Como desvantagens salienta-se o custo direto do equipamento específico e a necessidade de

formação do cirurgião responsável. Ainda quanto a custos desta terapêutica, importa referir que

apesar desta ter custos diretos superiores às restantes técnicas de encerramento temporário, apresenta

importantes reduções de custos indiretos devido uma diminuição do período de internamento, de re-

explorações cirúrgicas e de complicações. Ao serem contabilizados os custos globais em saúde por

doente com necessidade de encerramento abdominal temporário, vários autores defendem já que a

vacuoterapia em doentes selecionados pode diminuir os custos de tratamento em mais de 30 %.

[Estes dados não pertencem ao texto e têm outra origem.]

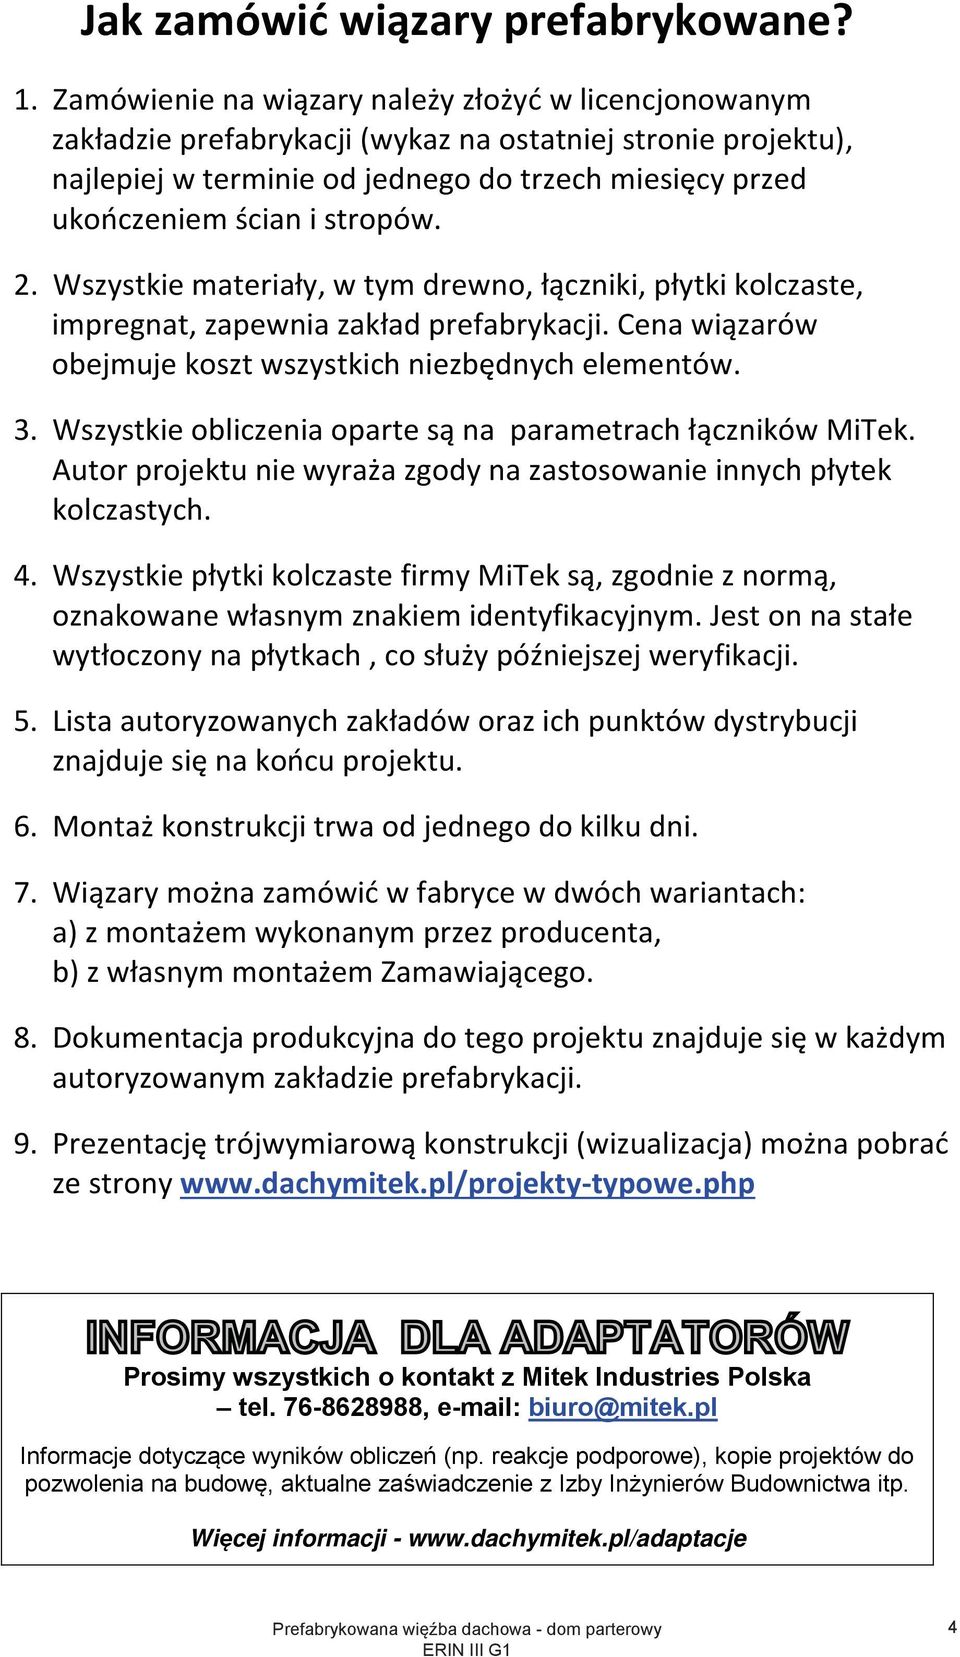 tel. 76-8628988, e-mail: biuro@mitek.pl I czeni itp.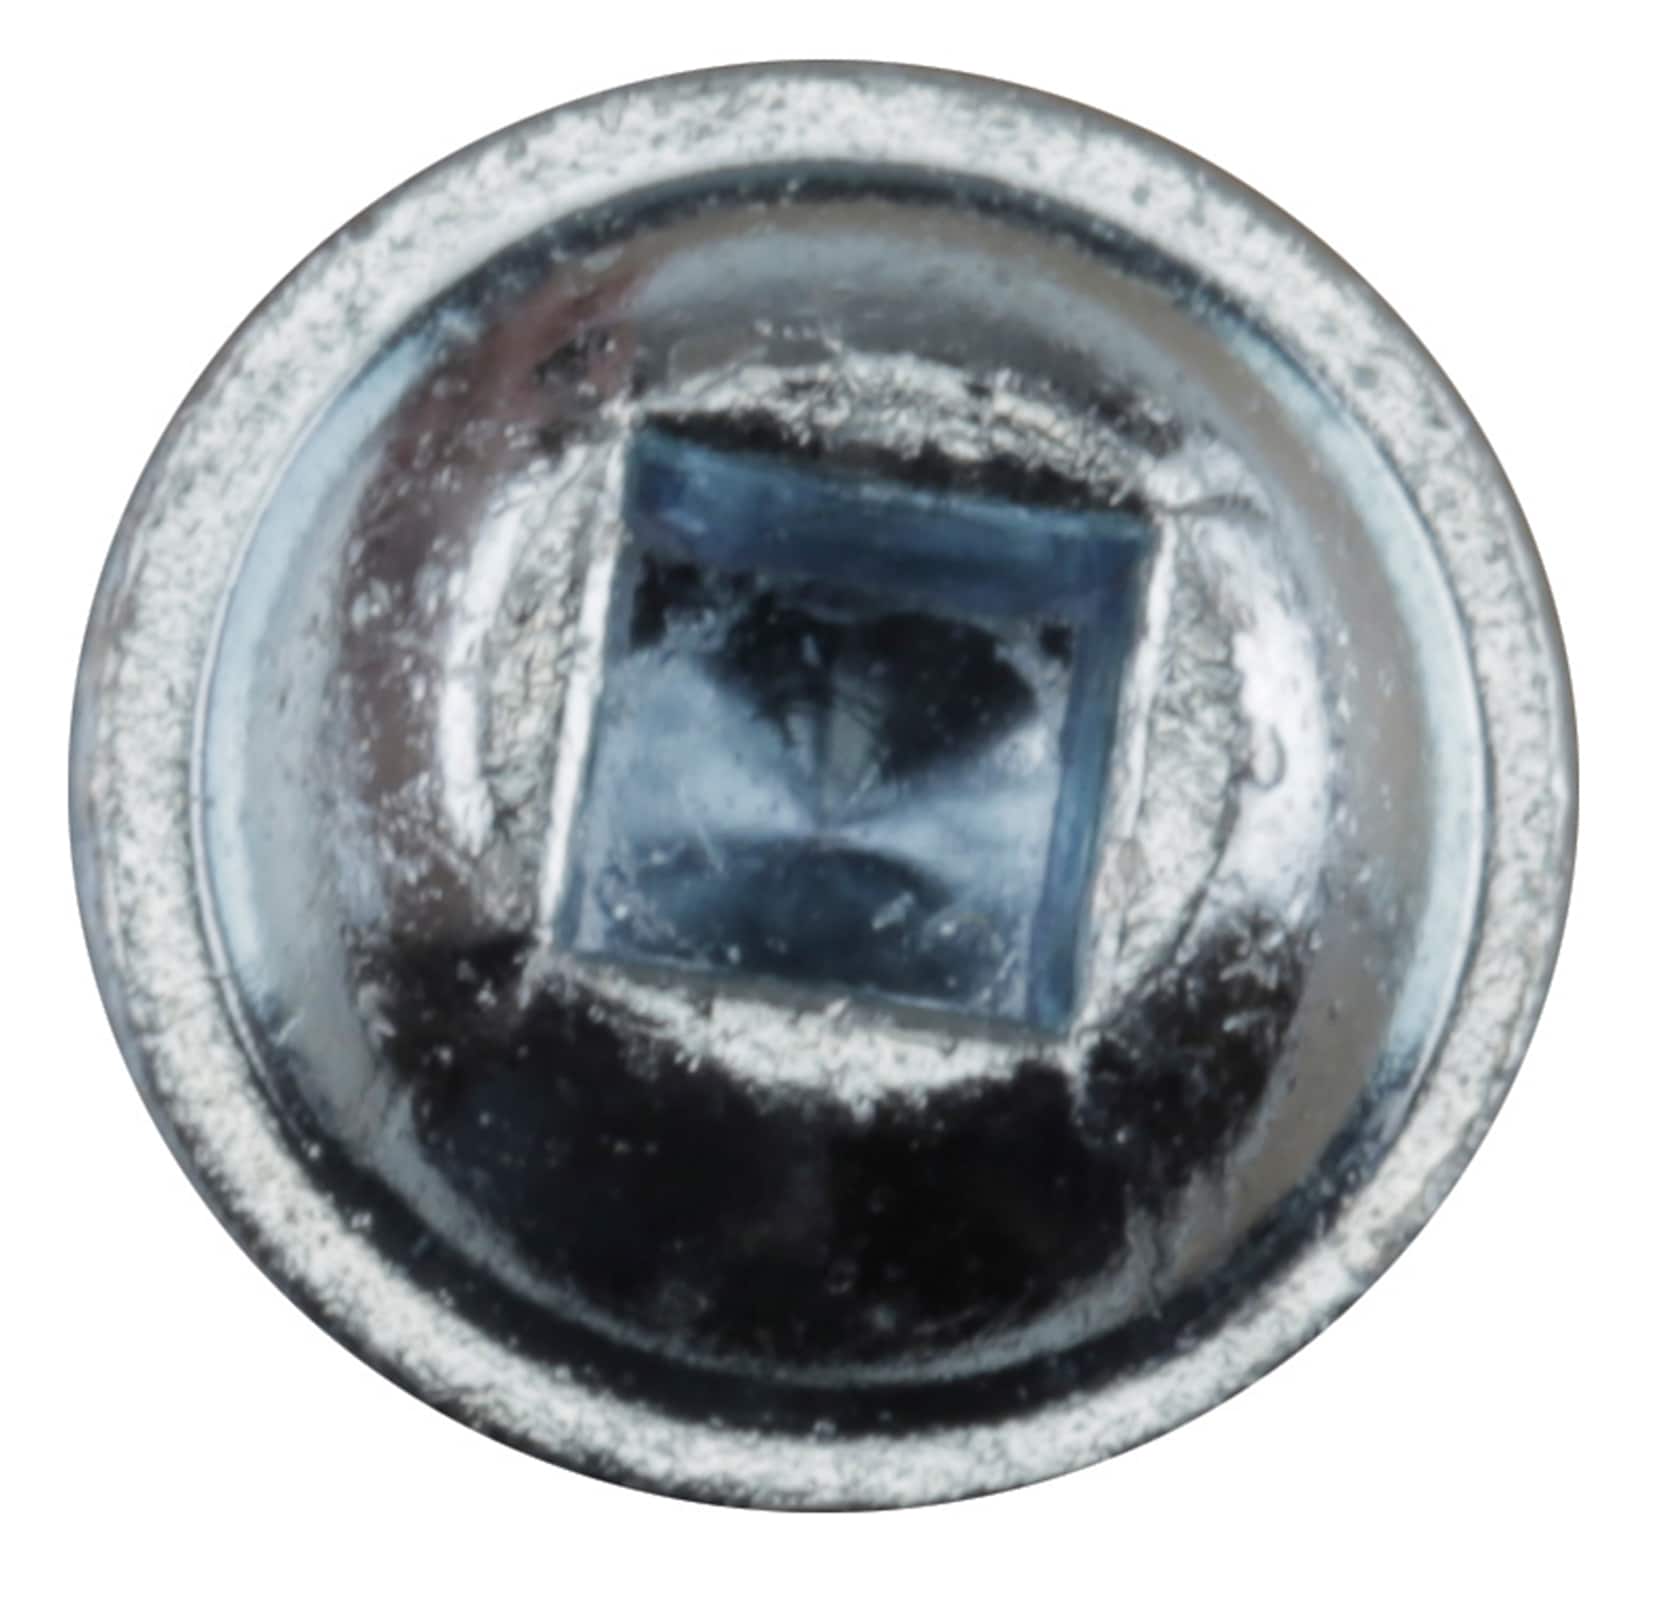 Kreg #2 x 2 1/2-in Zinc-Plated Washer-Head Square-Drive Pocket

Importa ainda referir que a maioria dos estudos é unânime em considerar que os benefícios da

vacuoterapia apenas se distinguem das restantes técnicas se esta for implementada nos primeiros 5

dias de internamento.

Em suma, a vacuoterapia é cada vez mais reconhecida internacionalmente como a abordagem certa

para doentes selecionados com Síndrome Compartimental Abdominal. A sua correta aprendizagem e

aplicação por parte das equipas cirúrgicas resultará em cada vez mais benefícios para os doentes e

para a excelência dos Sistemas de Saúde.